Sunday, November 3, 2013

November '13 Digital Week I

Blu-rays of the Week
The Beauty of the Devil
(Cohen Media)
This deviously funny 1950 take on the Faust legend perfectly sums up director Rene Clair: a light touch that approaches, but never crashes into corny sentimentality. Here, helped by a pair of smashing lead performances by Michel Simon and Gerard Philippe as Faust and Mephistopheles at various ages, Clair has created a dazzling allegory that works as comedy, drama, romance, cautionary tale and even a sort of tragedy. The Black-and-white classic looks superb on Blu-ray; lone extra is a 50-minute Clair documentary.

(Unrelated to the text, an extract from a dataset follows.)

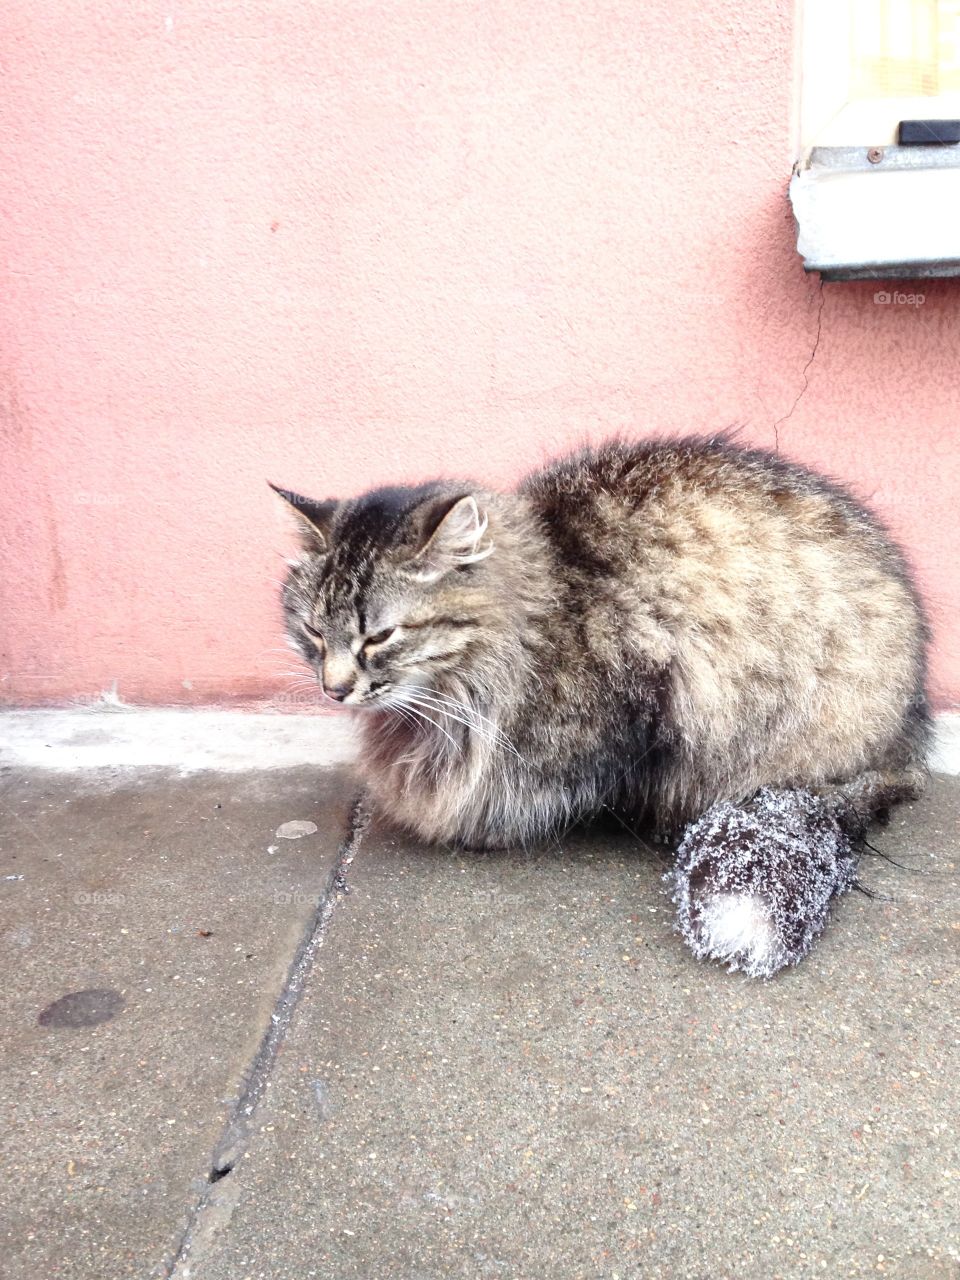 Homeless cat in the street, winter time

In Neil Jordan’s latest vampire drama—he made Interview with a Vampire in 1994—scenes of sultry Gemma Arterton and Atonement’s Saorise Ronan, a mother-daughter bloodsucking team, in a rundown resort hotel are intercut with glimpses of them since the Napoleonic wars. It’s often pretentious and jarringly violent, even if Jordan’s visual style remains sophisticated and unsettling. Arterton is always luminous and Ronan’s unique look serves her well as an eternal teenager. The Blu-ray image is excellent; extras include an hour of interviews with Jordan, Arterton, Ronan, et al.

Freddie Mercury Tribute Concert
(Eagle Vision)
The 1992 tribute concert to Queen singer Freddie Mercury (who died in November 1991) is a glorious, glitzy three-hour extravaganza that the flamboyant frontman would have loved: everyone from David Bowie and Annie Lennox to Elton John, Axl Rose and Liza Minnelli enthusiastically sing Queen songs with band members Brian May, Roger Taylor and John Deacon. Although Robert Plant’s rendition of “Innuendo” is still missing—apparently Plant hated it, so it’s been suppressed for 21 years—the Blu-ray includes the concert and extras (retrospective doc, rehearsal footage) from the 2002 DVD release. The image is decent, the sound extraordinary.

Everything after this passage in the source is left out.